• _GIVEN DATA_
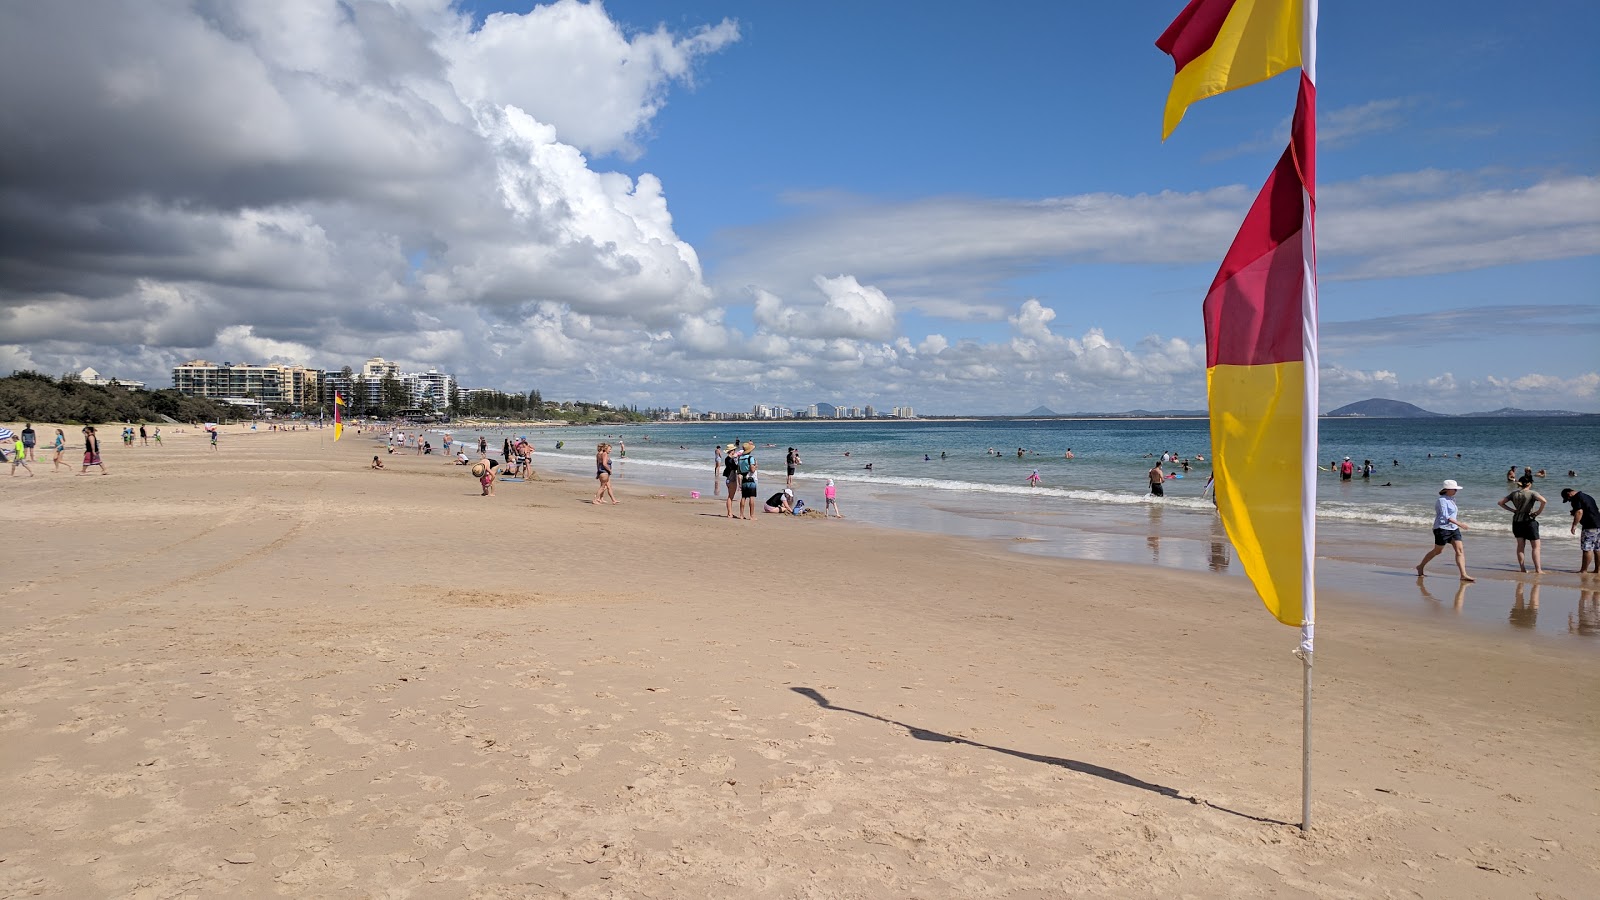 Mooloolaba Beach'in fotoğrafı - rahatlamayı sevenler arasında popüler bir yer
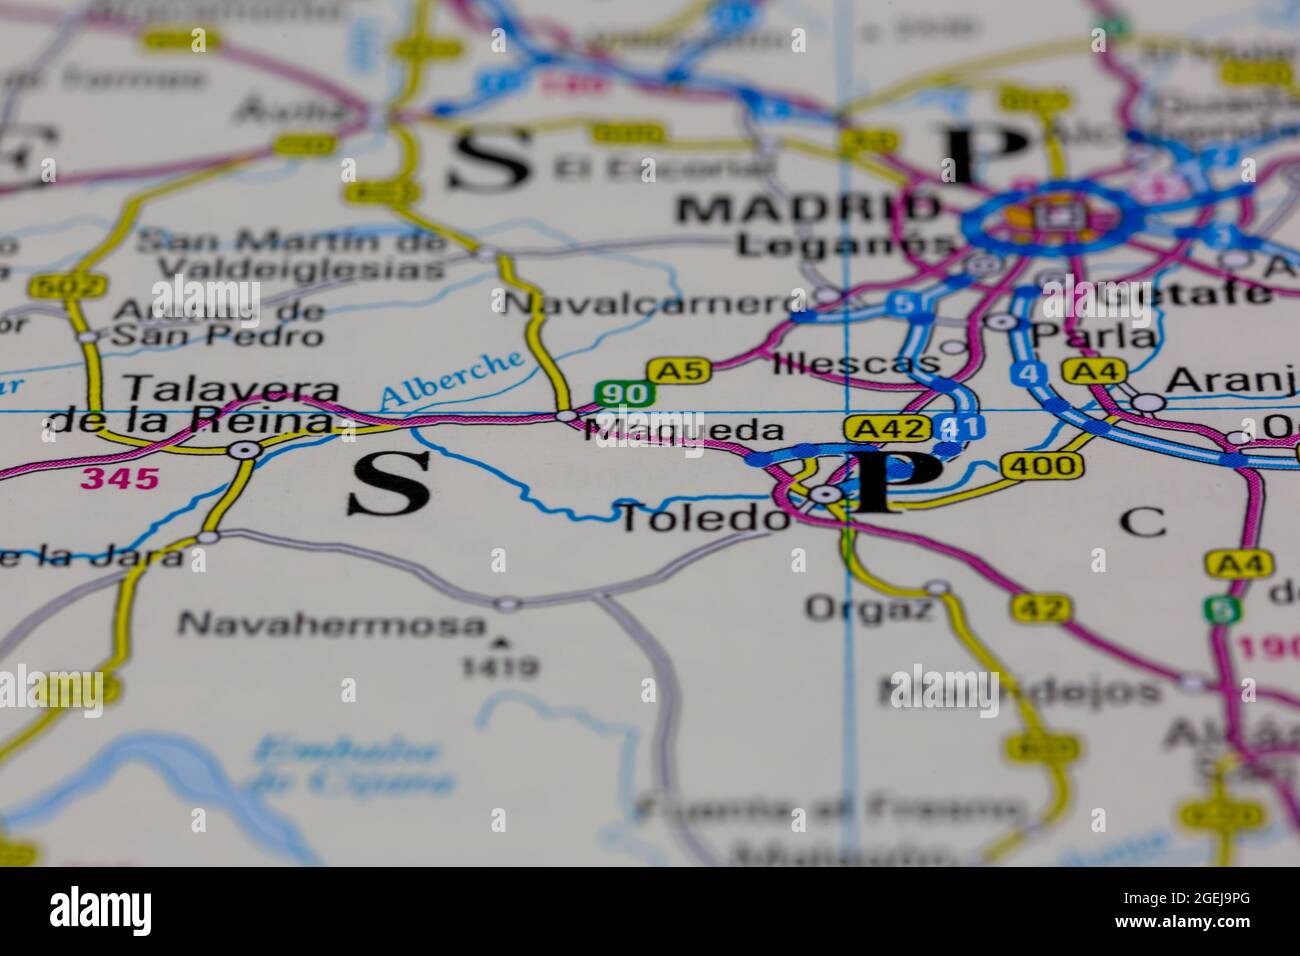 Maqueda España aparece en un mapa de carreteras o en un mapa geográfico Foto de stock
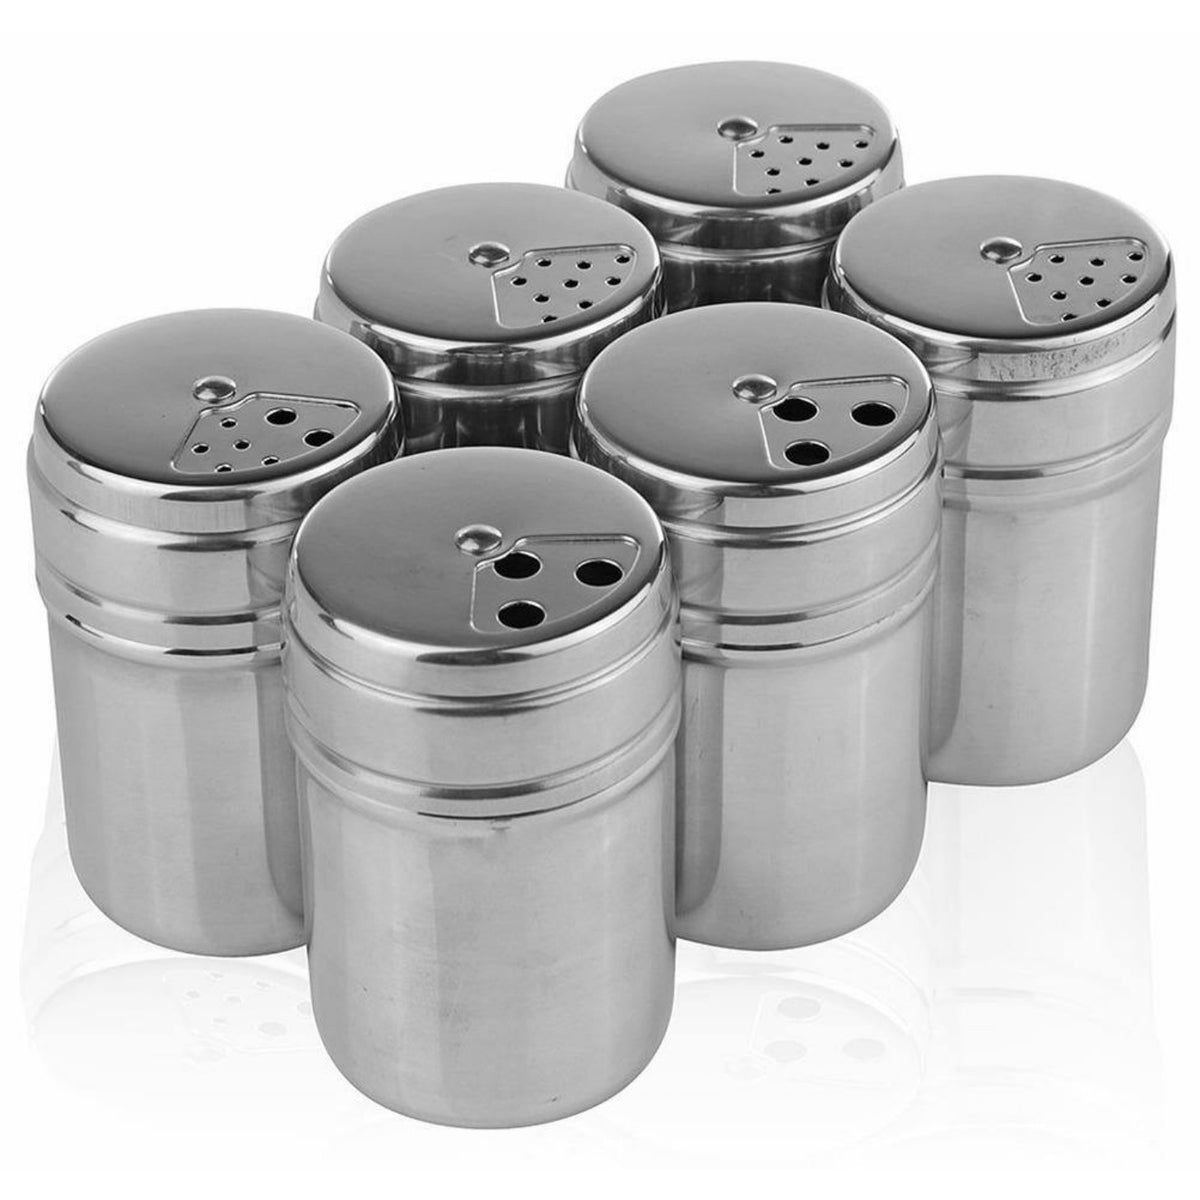 Salt Pepper Shaker Stainless Steel Condiment Dispenser for Hiking Camping 
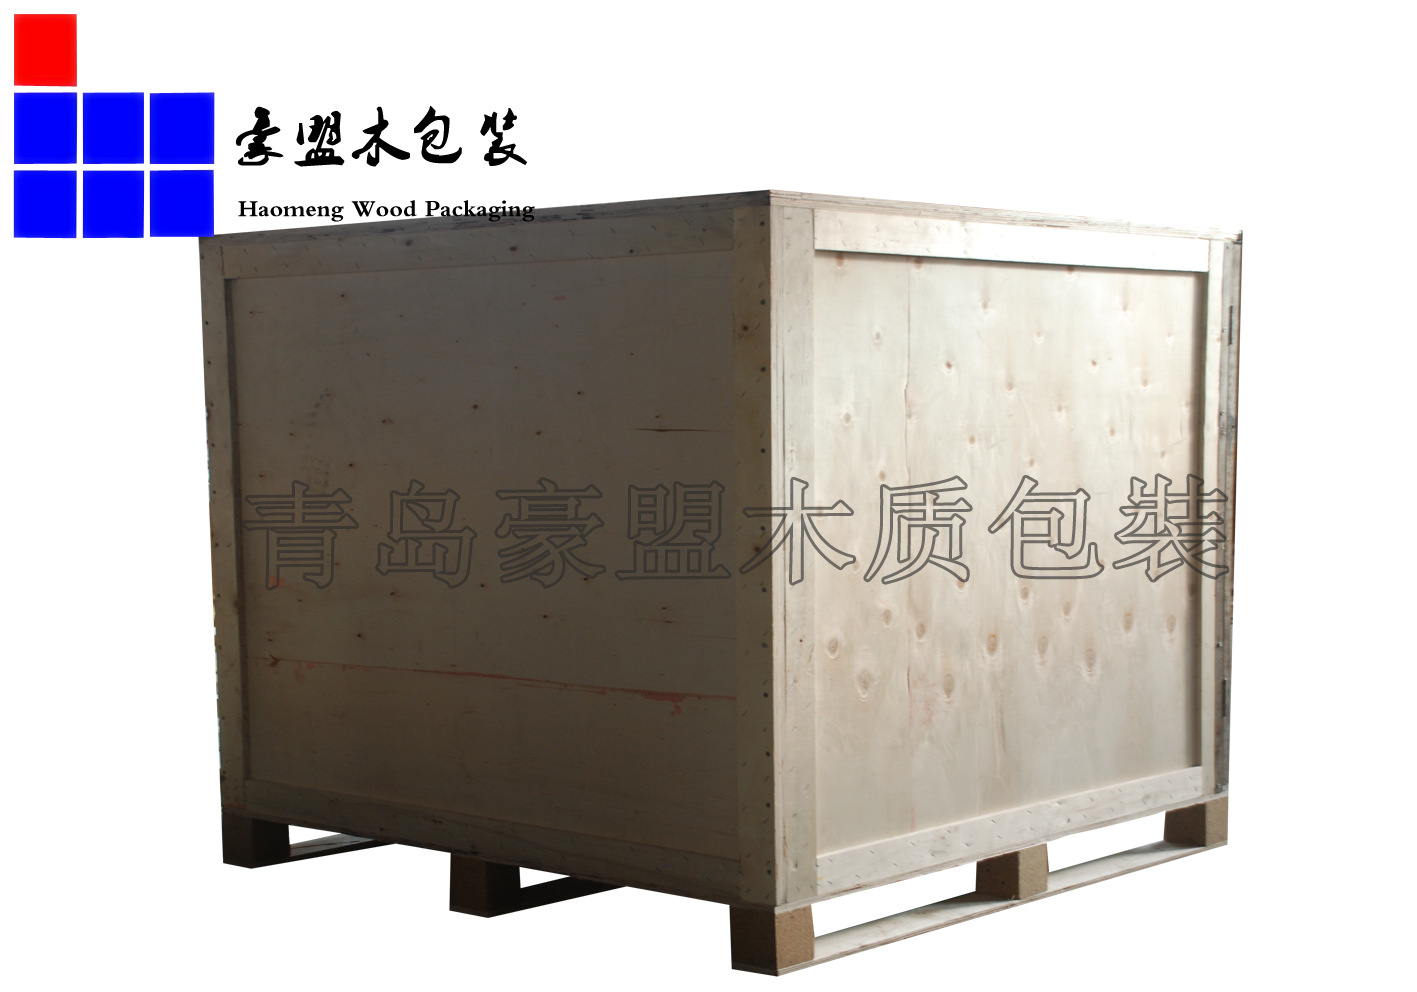 山东青岛木质包装箱胶合板免熏蒸出口货物打封闭包装载重4吨示例图4

• _EXERCISE_
Keep the pictures out of the copy and write out the data exactly as it stands.

• _WRITTEN SOLUTION_
 Mooloolaba Beach'in fotoğrafı - rahatlamayı sevenler arasında popüler bir yer
 Maqueda España aparece en un mapa de carreteras o en un mapa geográfico Foto de stock
 Salt Pepper Shaker Stainless Steel Condiment Dispenser for Hiking Camping 
 山东青岛木质包装箱胶合板免熏蒸出口货物打封闭包装载重4吨示例图4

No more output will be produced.